Larger wafer diameters provide more chips per wafer at a modest increase in material and process costs, resulting in reduced chip costs. Historically, transitions to larger diameter wafers have provided cost reductions greater than 20% per unit area. However, enormous financial and technology hurdles continue to plague the development of, and the transition to, 450mm wafers. As a result, the transition to larger diameter wafer has slowed dramatically and companies are maximizing their efficiency using 300mm and 200mm wafers. IC Insights’ Global Wafer Capacity 2015-2019 report shows that worldwide capacity by wafer size was dominated by 300mm wafers in 2014 and is forecast to continue increasing through 2019 (Figure 1).
Efforts to develop 450mm wafer technology continue to make some progress, but the pace of development slowed significantly in 2014. Now, by most accounts, volume production using 450mm wafers is not expected before 2020, although pilot production could start a year or two before. IC Insights shows 450mm wafers accounting for a very slim share of installed capacity in 2019.
For the most part, 300mm fabs are, and will continue to be, limited to production of high-volume, commodity-type devices like DRAMs and flash memories; image sensors and power management devices; and complex logic and microcomponent ICs with large die sizes; and by foundries, which can fill a 300mm fab by combining wafer orders from many sources.
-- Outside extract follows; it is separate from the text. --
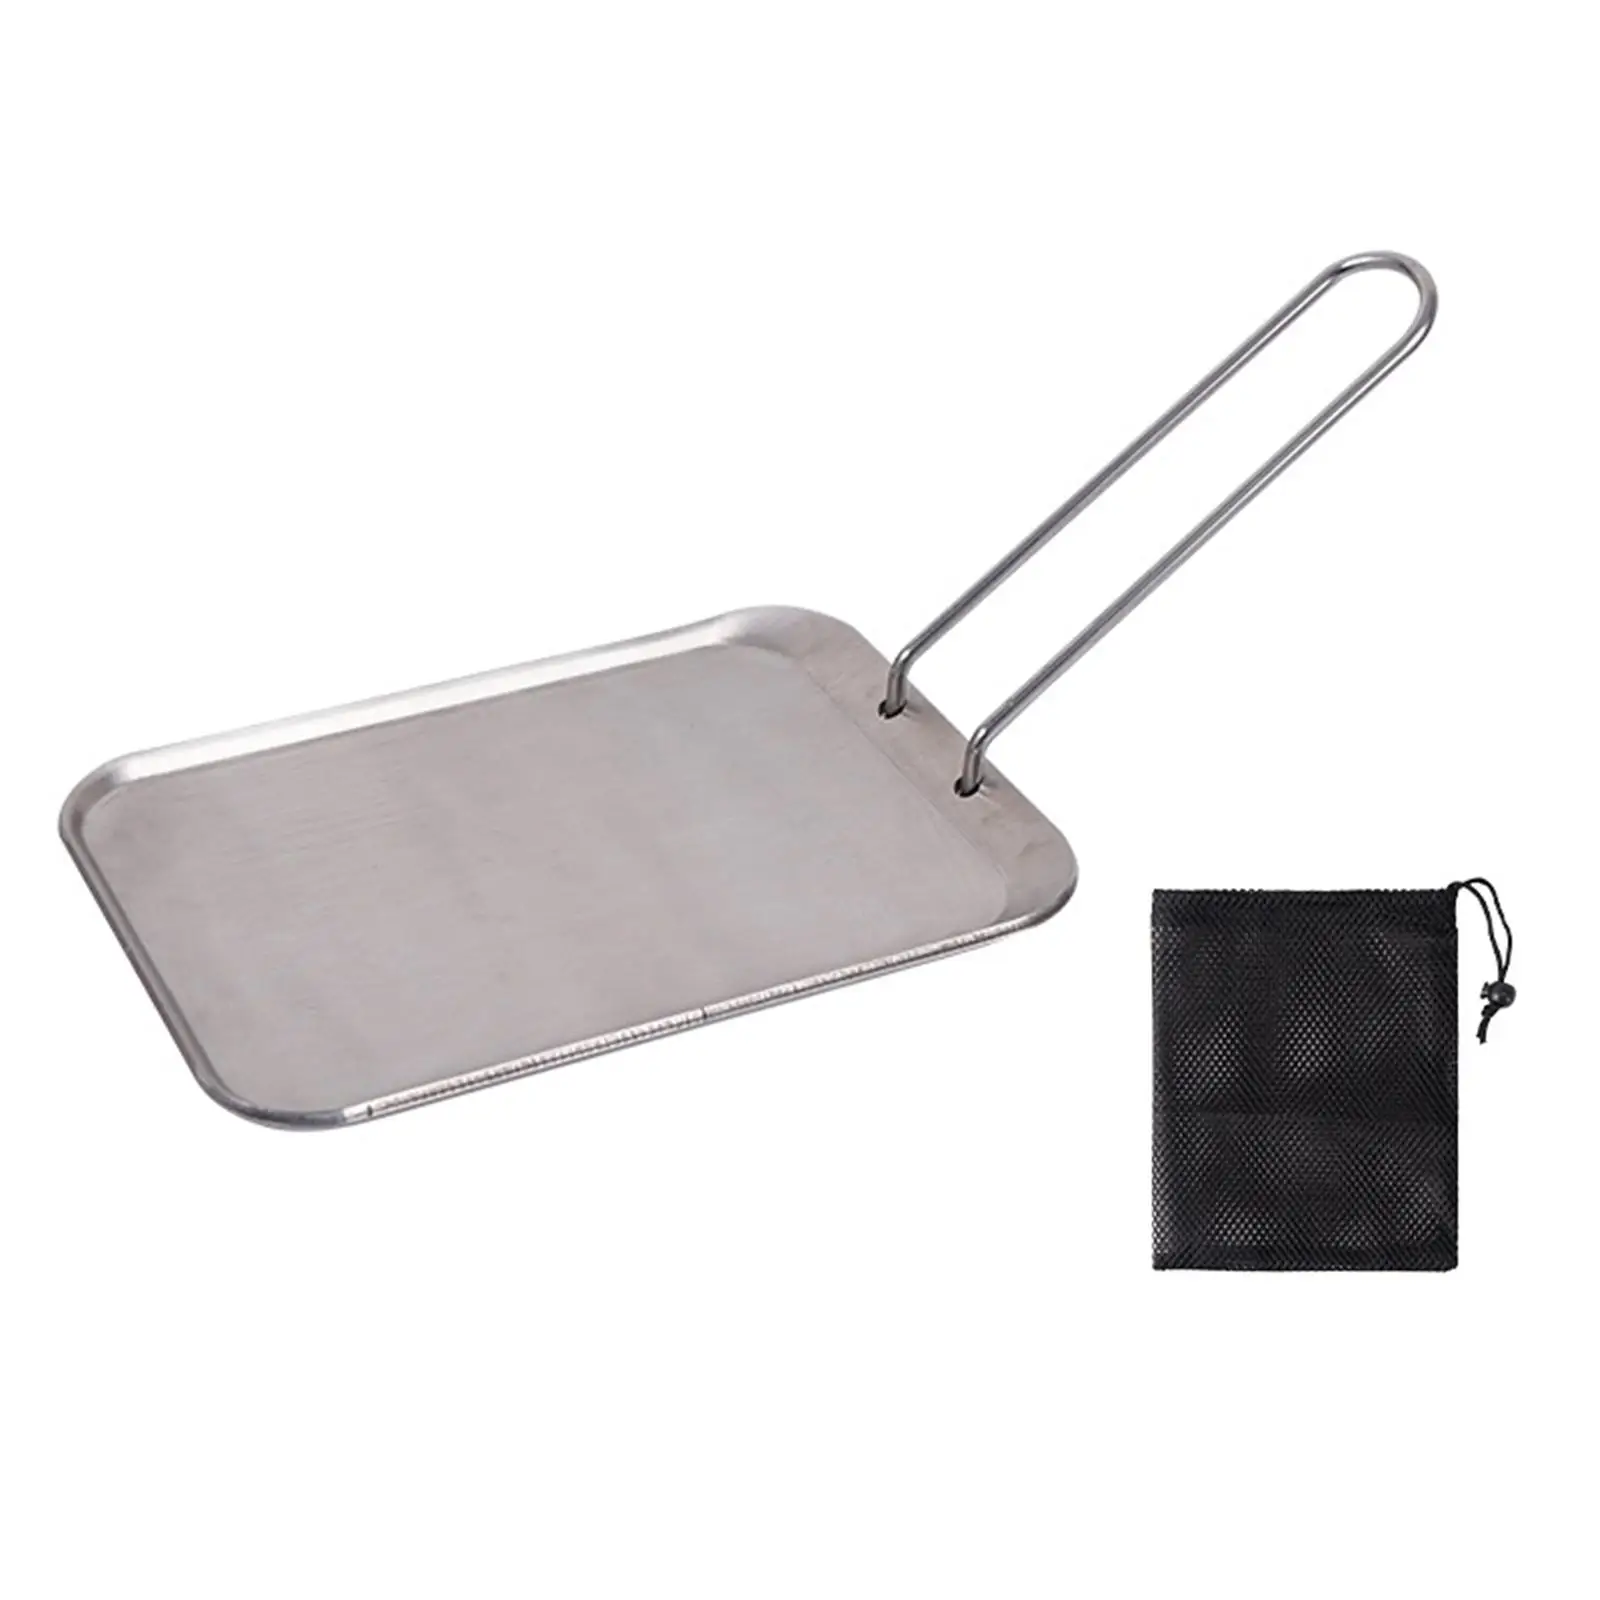 Frying Pan Griddle Grilling Pan Kitchen with Detachable Handle Grill Pan for Stoves Tops for Vegetables Meat Steak Fish Outdoor

At the end of 2014, there were 87 production-class IC fabs utilizing 300mm wafers (Figure 2). There are several 300mm R&D IC fabs and a few high-volume 300mm fabs around the world that make “non-IC” products such as image sensors and discretes, but these are not included in the count shown in the chart.
Only once—in 2013—has the number of 300mm wafer fabs declined. That year, three large fabs operated by ProMOS and Powerchip closed and setbacks delayed the opening of several new 300mm fabs until 2014. By the end of 2019, there are expected to be 23 more 300mm wafer fabs in operation than there were at the close of 2014. The number of 300mm fabs will likely peak between 115-120, which assumes 450mm fabs will enter volume production in the future. For comparison, the greatest number of volume-production 200mm wafer fabs in operation was 210 (the number declined to 154 fabs at the end of 2014).
The list of companies with the most 300mm wafer capacity includes memory suppliers Samsung, Micron, SK Hynix, and Toshiba/SanDisk; the industry’s biggest IC manufacturer and dominant MPU supplier Intel; and the world’s two largest pure-play foundries TSMC and GlobalFoundries. These companies offer the types of ICs that benefit most from using the largest wafer size available to best amortize the manufacturing cost per die.
The number of fabs running 200mm wafers will continue to be profitable for many more years and be used to fabricate numerous types of ICs including specialty memories, display drivers, microcontrollers, analog products, and MEMS-based devices. Devices like these are practical to make in fully depreciated 200mm fabs that were used to produce devices now made on 300mm wafers. TSMC, TI, and UMC remain the three companies with the greatest amount of 200mm wafer fab capacity.